Things seem like they would be easier/more flexible if the capability resolution depth mismatches weren't checked for. Then a slot in a node could be transparently expanded (at least, transparent in the common case). So: start with an empty 256-slot CNode; the last slot has canonical address 0xFF000000. Allocate a child 256-slot CNode, and rotate it into the last slot; now the canonical address 0xFF000000 refers to the first slot of the child, and 0xFF01... through 0xFFFF... are available. Currently this sort of transparent upgrade doesn't work because the slots must be distinguished based on their depth.

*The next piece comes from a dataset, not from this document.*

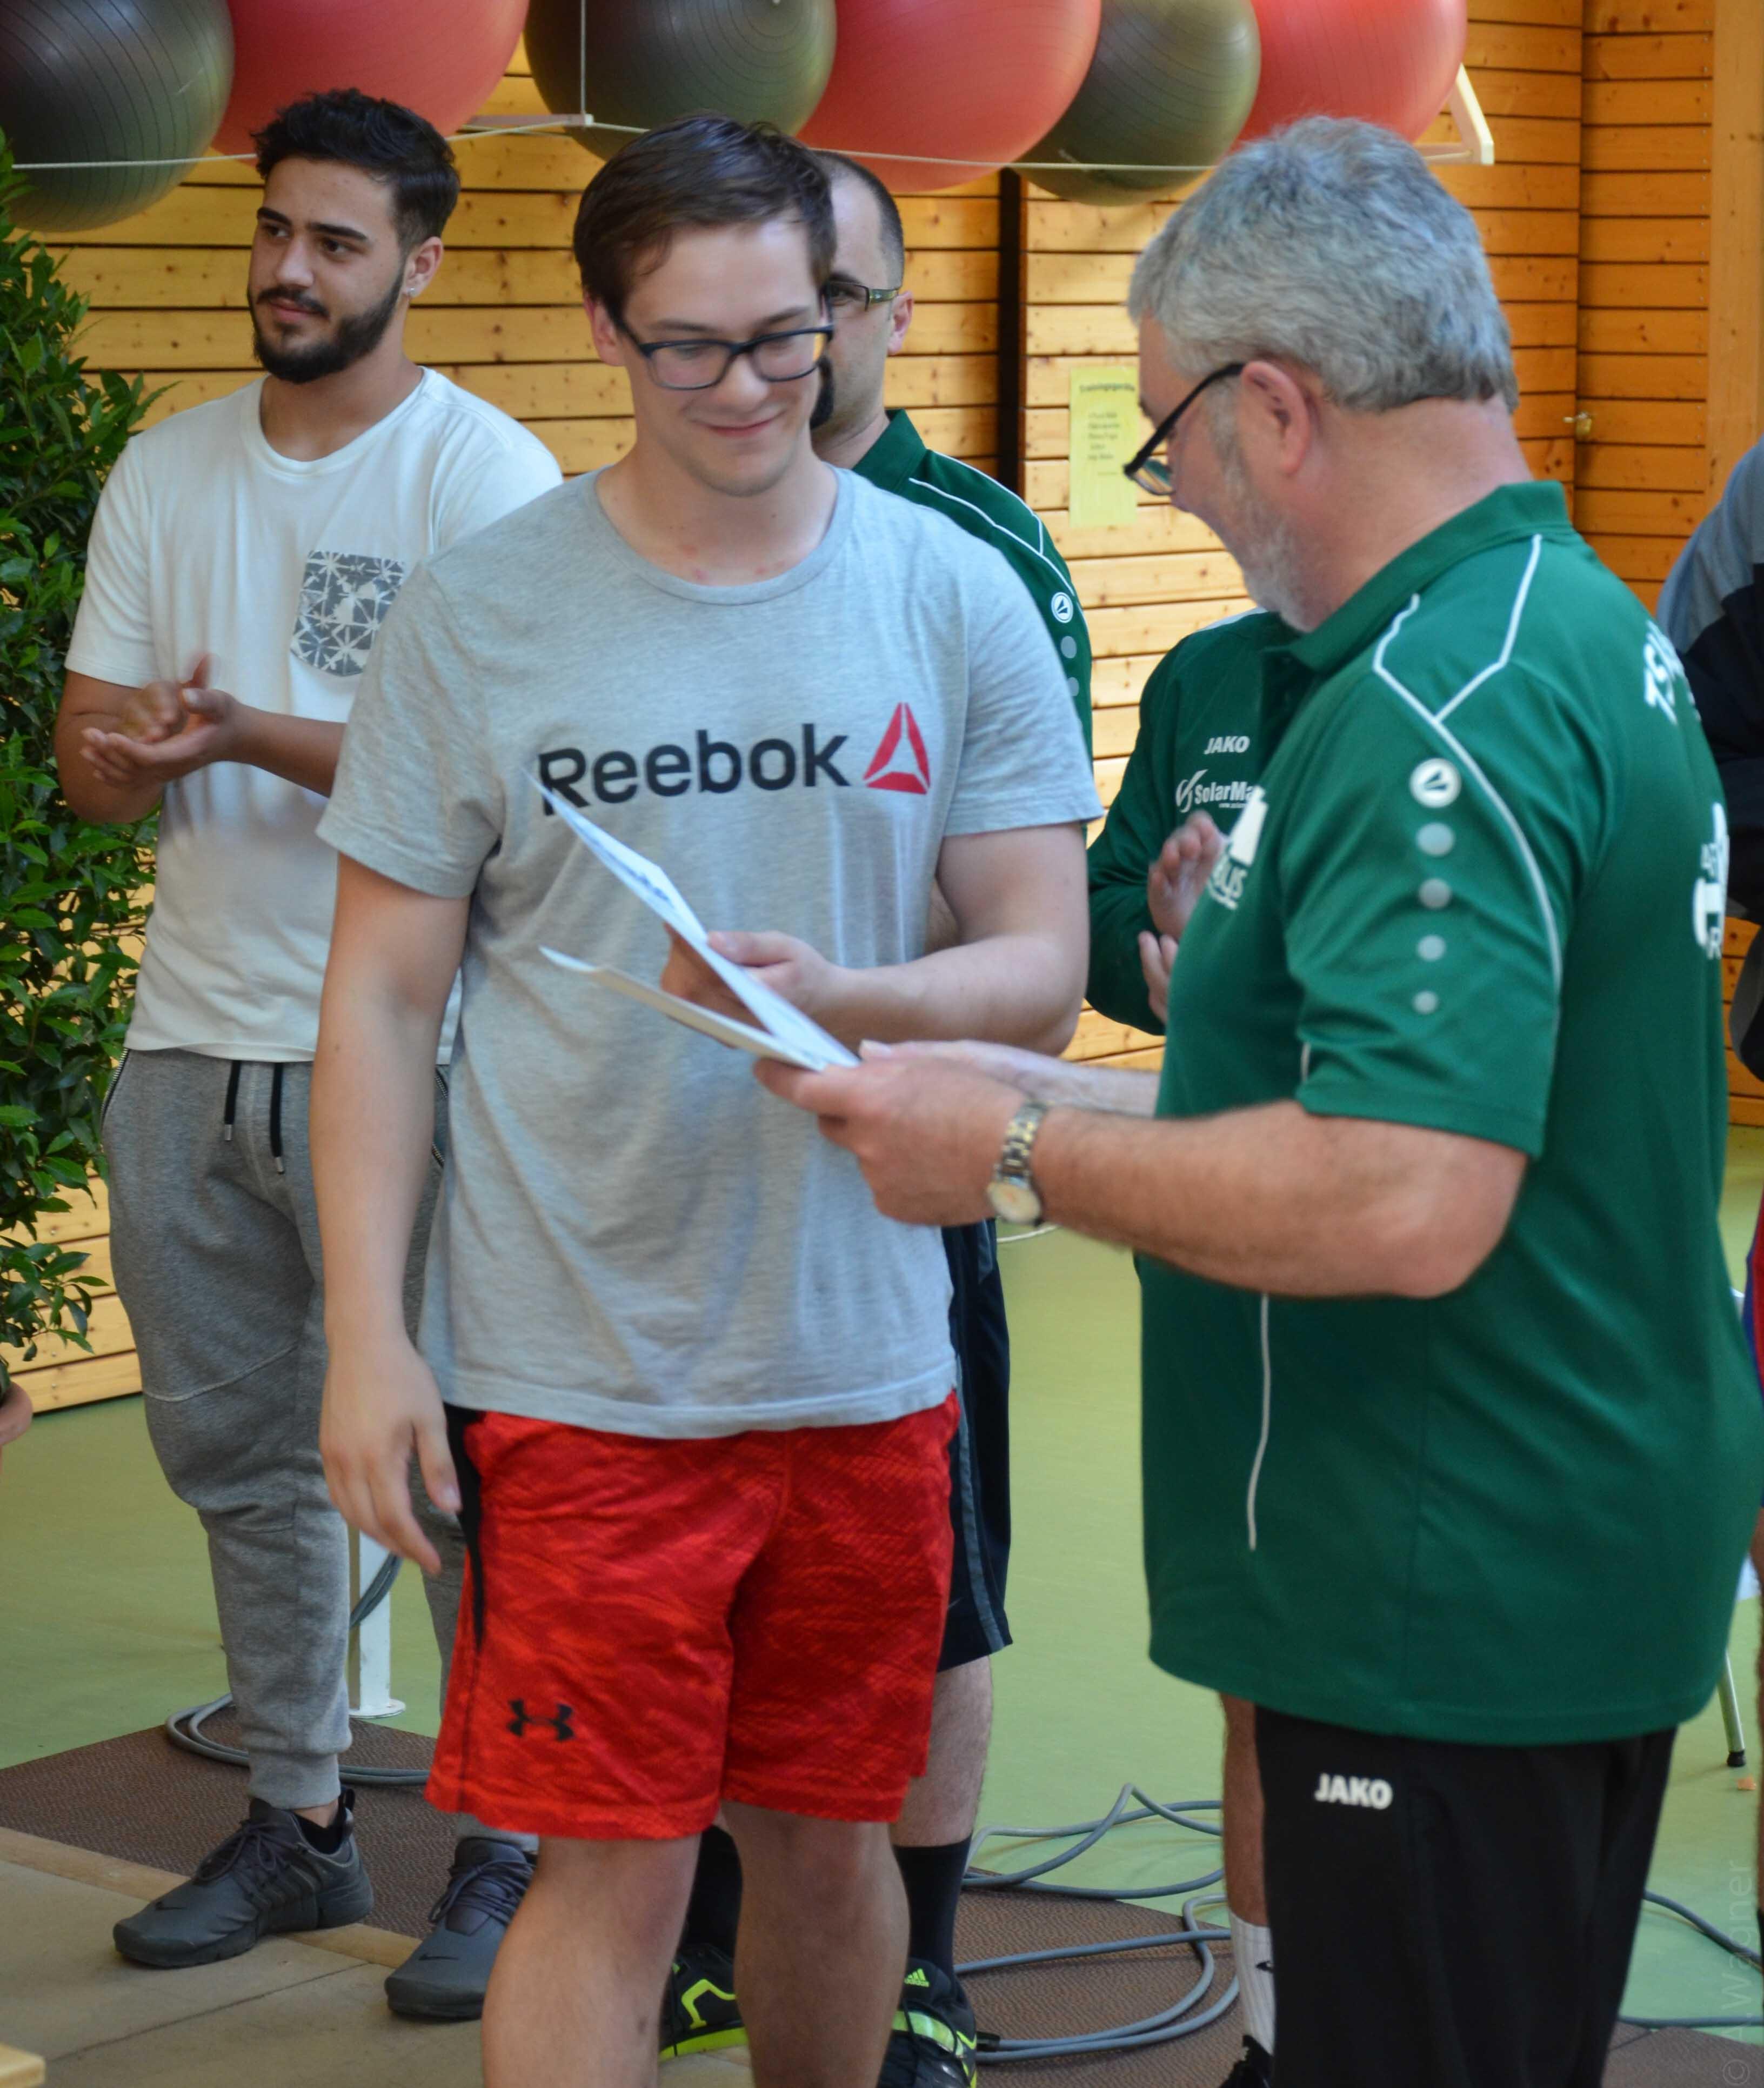 Schwäbische_Meisterschaft_2017__(40_von_55)

Having thought about this scheme a little more, the primary downside I can see is that depending on the starting node, an expansion can change the result of resolution. Example: with four radix-8 CNodes organized akin to a linked list, A->B->C->D, the address 0 resolves to the first slot of D regardless of whether resolution starts from A or B. But expand the 0'th slot of D to point to E, and now resolution from B will return E[0] but resolution from A stops at D[0]. Still, since depths are still available, a careful client can use them to ensure stable address resolution.
So it seems to me, naively, that removing the depth check would make CSpace management simpler for clients that use CSpaces in simple/stylized ways, and would not impede sophisticated clients from using CSpaces in arbitrary ways. Am I missing some other fatal flaw?